A vida humana é uma torre, que erguemos para o regresso à sublime pátria de origem; mas todos havemos de cozer o áspero tijolo da experiência e de preparar o cimento da verdadeira fraternidade com as próprias mãos, ligando-os na construção do edifício do aperfeiçoamento comum, e, então, saberemos e conquistaremos o direito de analisar com lucidez os fato em torno de nós.

Nesse aspecto da luta, o trabalho que pretendi executar foi incompleto.

Rendi sincero preito à religião do amor e da beleza e acreditei nos deuses interiores que nos dirigem os sonhos, mas oficiei com vinagre e fel no altar de meu culto.

Amor é perdão infinito, esquecimento de todo mal, lâmpada de silencioso serviço a todos, sem distinção, alimentada pelo óleo invisível da renúncia edificante...

Beleza é bondade fecunda, compreensão permanente, inalterável serenidade da alma para ajudar, sem restrições, a todos os romeiros da regeneração e da dor...

E os deuses interiores somente erguem tronos de luz em nossa inteligência, quando lhes situamos o Olimpo nos ideais mais altos do plano excelso...

Eis-me, porém, de coração novamente voltado para a floresta humana, agora não mais para dardejar-lhe as serpentes, apontar-lhe os despenhadeiros, regar-lhe com o petróleo da repugnância o charco das misérias sociais, mas, sim, para avivar-lhe as flores que hesitam em exalar o perfume da caridade, acolher-lhe as sementes no celeiro da fé e pensar-lhe as úlceras, aliviando os corações feridos que lhe atravessam os cipoais; eis-me de olhar pousado no futuro, aspirando por trabalho e paciência, a fim de auxiliar a todos os companheiros de peregrinação, nas dolorosas vias do aprimoramento.

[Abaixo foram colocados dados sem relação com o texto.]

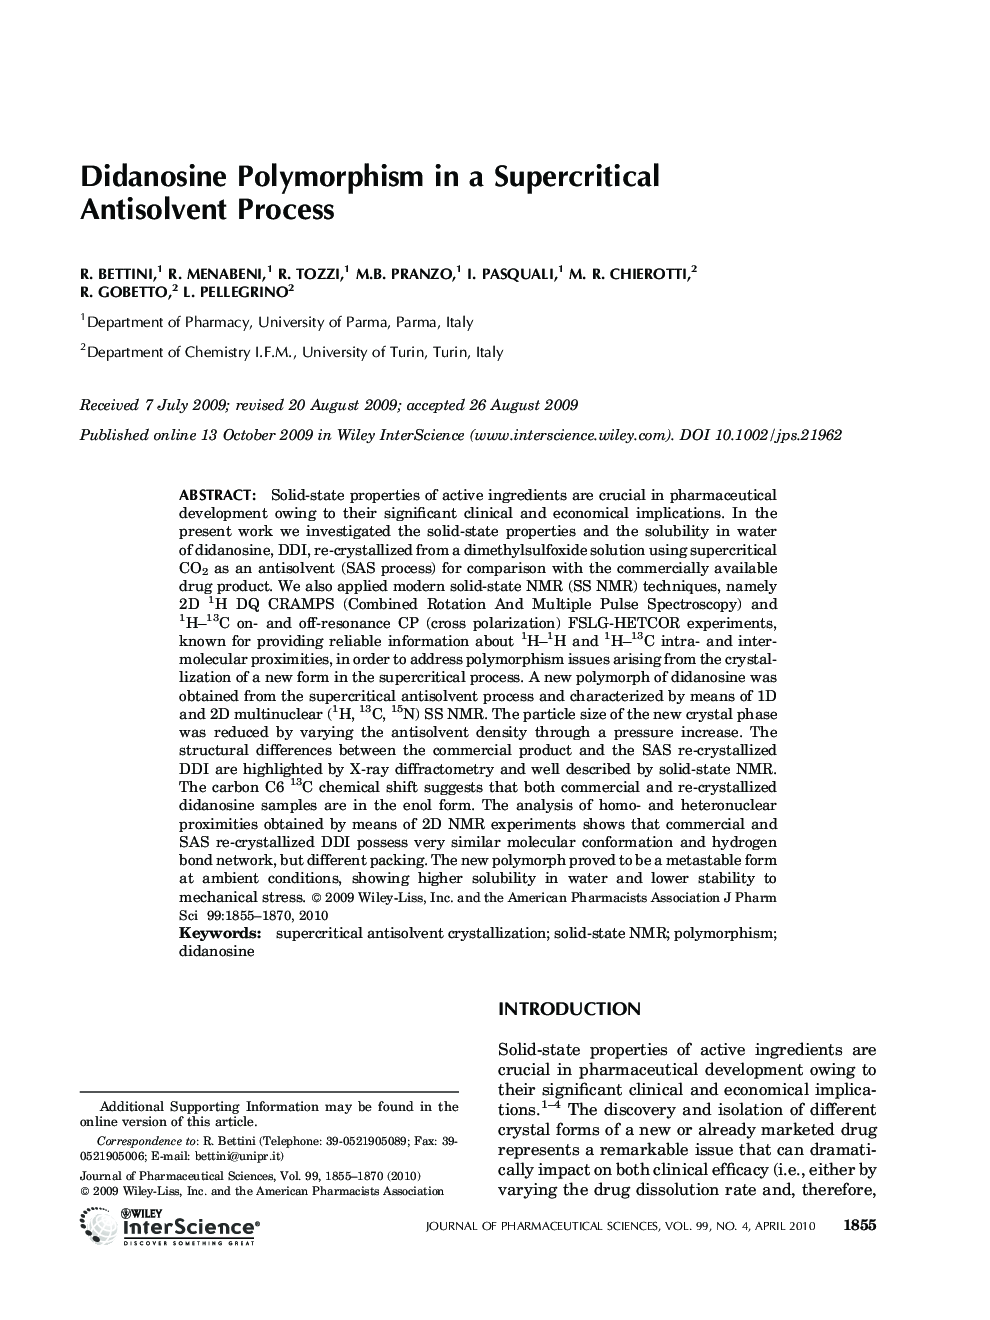 Didanosine Polymorphism in a Supercritical Antisolvent Process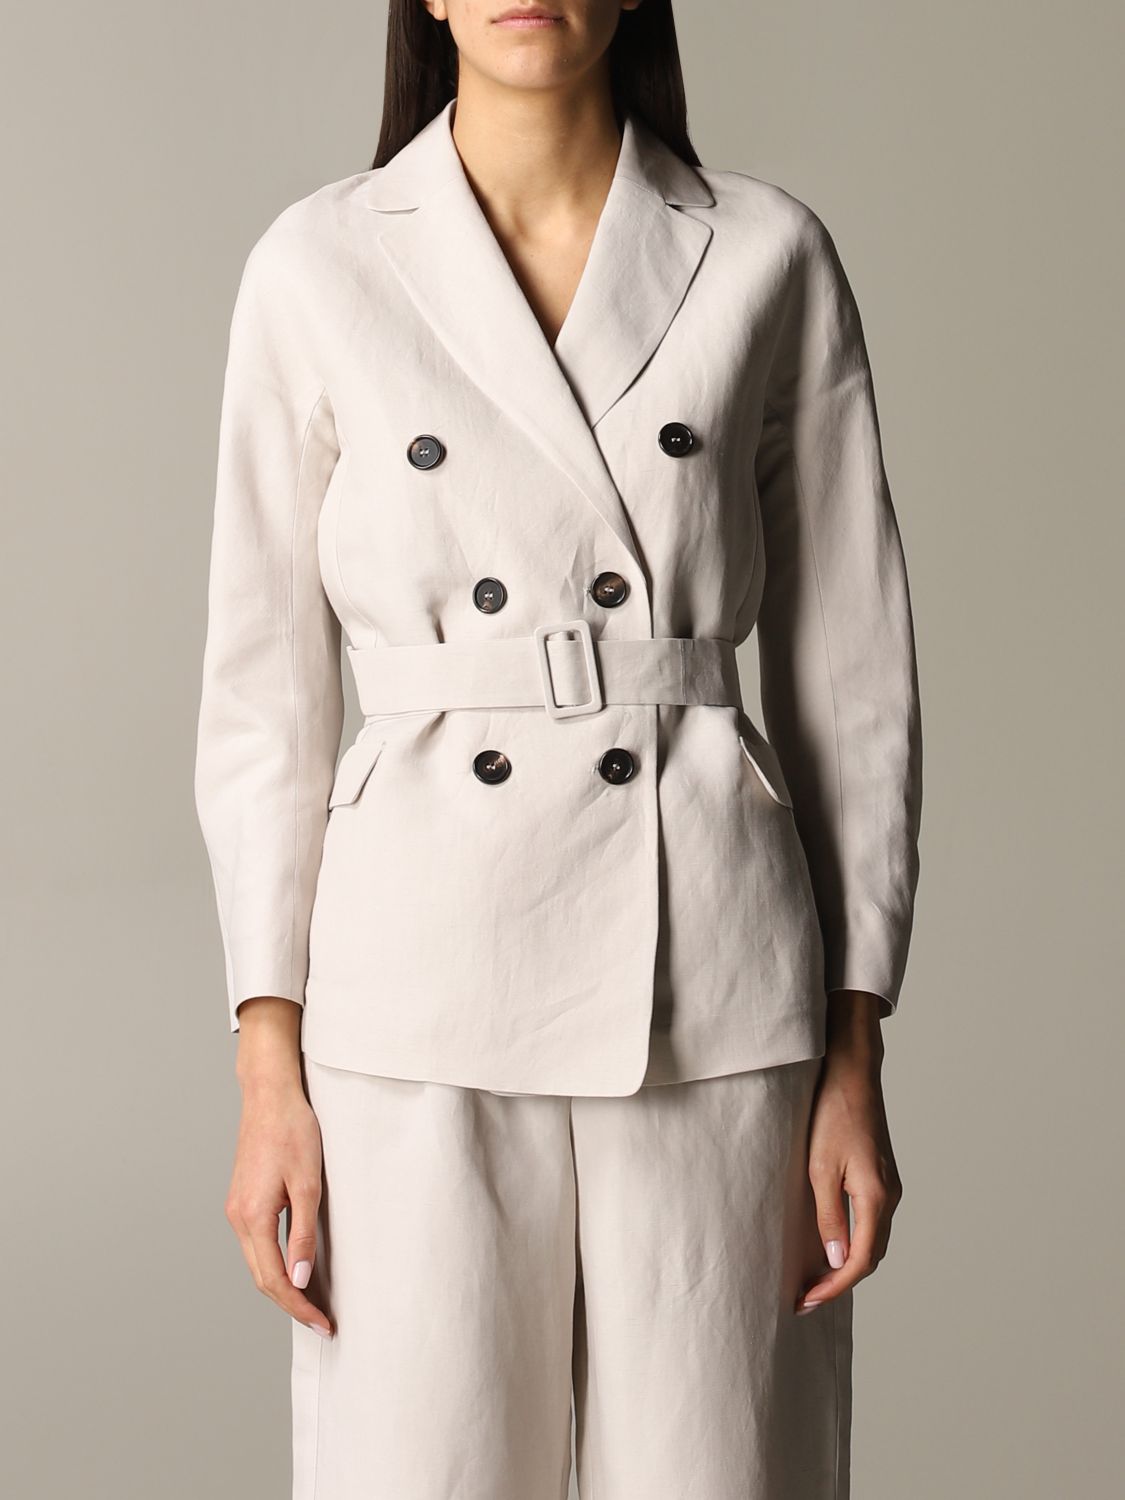 S Max Mara Outlet: Max Mara Oronte S double-breasted jacket in blend

Percebo, enfim, a sublime herança de todos os idealistas e de todos os mártires, dos pensadores e dos filósofos sacrificados...

Sinto agora a grandeza do fardo glorioso de quantos se imolaram para que o progresso comum conquistasse mais uma gota de paz ou mais uma fímbria de luz.

Entendo, presentemente, o envenenamento de Sócrates, o sofrimento de Jan Hus, a fogueira de Giordano Bruno, o extermínio de Servet, a execução de Bailly e os sarcasmos atirados à fronte de todos os campeões da prosperidade espiritual do mundo...

Sobretudo, compreendo hoje o madeiro da Cristo, que cimentou com suor, sangue e lágrimas o edifício da solidariedade mundial.

E em pensamento, arrojando-me ao chão adusto da velha Jerusalém de há quase dois mil anos, ajoelho-me entre o Divino Restaurador, içado ao poste oprobrioso, e a populaça irônica, digna de comiseração, e exclamo, tocada de novo ânimo para a vida renovada:

– Senhor, que eu respeitei e admirei, entre os heróis santificados nas sombras da Terra, e que hoje procuro amar com todas as fibras do meu coração, aberto ao sol da verdade, onde está a cruz redentora que deve enobrecer meus ombros?